[Date Prev][Date Next][Thread Prev][Thread Next][Date Index][Thread Index]
Re: [Bacula-devel] [Bacula-users] Improving job scheduling flexibility
25.02.2008 18:47, mark.bergman@xxxxxxxxxxxxxx wrote:
> In the message dated: Sat, 23 Feb 2008 12:40:43 +0100,
> Kern Sibbald used the subject line
> <[Bacula-users] Improving job scheduling flexibility>
> and wrote:
> => Finally Job Proximity is to allow a bit of overlap. For example, if a job has
> => been running 20 minutes or ran 20 minutes ago, you might want to not apply
> => the rules.
> Could you elaborate on what this means to you a bit more?
> I see the distinction here being mainly in terms of jobs that take a "long"
> time vrs a "short" time. If the entire job normally takes 30 minutes, I don't
> really care whether there's a duplicate, and it doesn't matter to me if the
> duplicate starts 1 minute after the original or 29 minutes after.
> However, if the job normally takes 18 hours, then the conditions are very
> different. In this case, I really, really, really don't want a duplicate running
> if there's a lot of overlap--this would have a major effect on disk loads on the
> client, on network traffic, and on disk/cpu/media resource on the bacula server.

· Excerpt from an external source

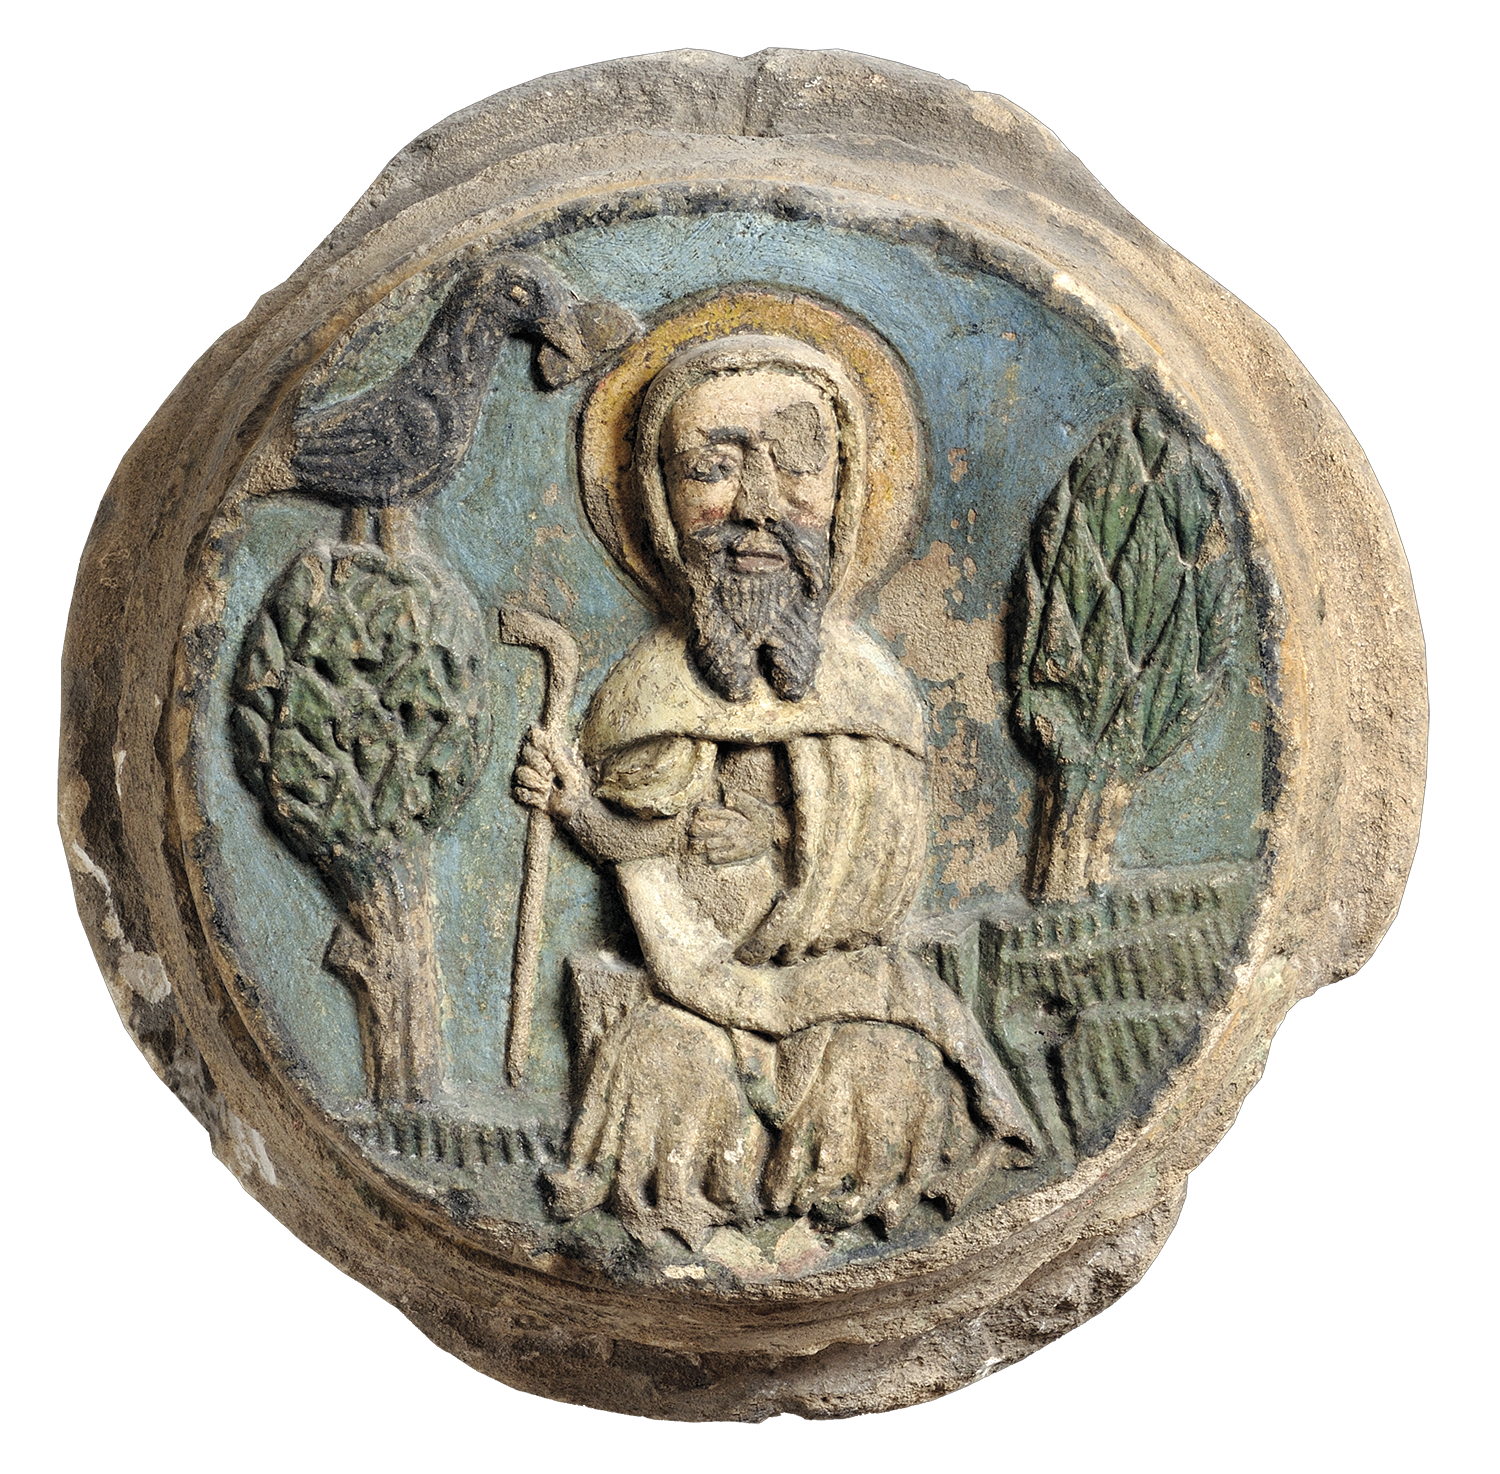 Vault keystone depicting Saint Paul the Hermit from the one-time Monastery of Budaszentlőrinc, 15th century, Budapest History Museum, Inv. no.: 368; photo: Bence Tihanyi
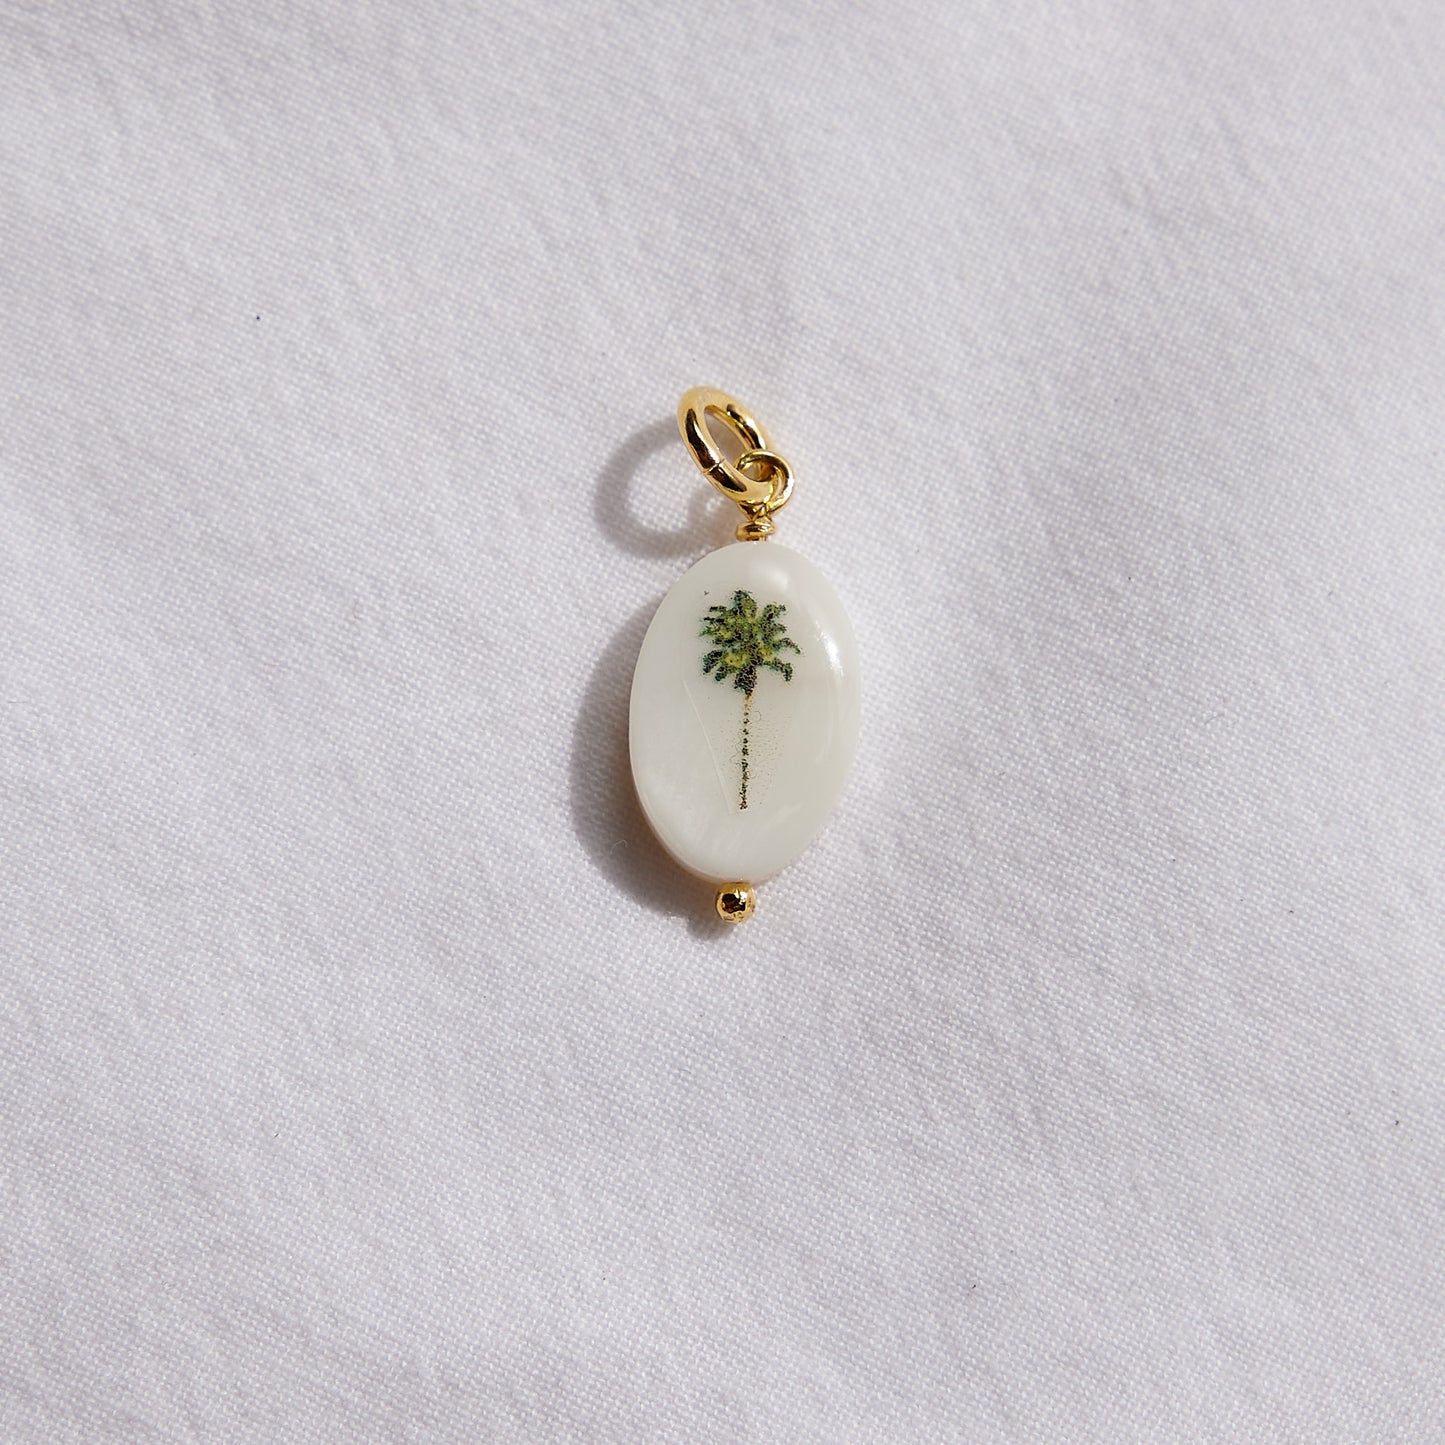 Palm Tree small oval pendant

> However, if the original job is almost near completion when the duplicate is
> launched, then I don't want to cancel the duplicate. In this case, the reasoning
> is that canceling the duplicate would result in a long window with no backups,
> in an effort to close a small window of duplicate (simultaneous) backups
That's a very important distinction, and Kerns proposal will work only
if the one setting up the jobs correctly estimates the expected job
run time. As such, it's a "good enough" solution IMO.
> Here's a very complicated proposal, which will almost certainly be rejected,
Let's wait... I would vote for it :-)
> that really leverages Bacula's database backend and gives a really powerful
> if the job historically takes over $DURATION [minutes|hours|days]
> and the current job is at least $PERCENTAGE complete, then allow the duplicate
> to run, otherwise kill the duplicate
> in this case, $DURATION would be determined from database stats,
> as an average of previous runs of the same job at the same level.
> I could also see an algorithm that
> gives more weight to the duration of the most recent backups if the
> standard deviation of the average vrs. the most recent backups is
> greater than a specified value. This is because a given backup is
> more likely to take "almost as much" time as the most recent backup
> of the same level than as much time as a much earlier backup.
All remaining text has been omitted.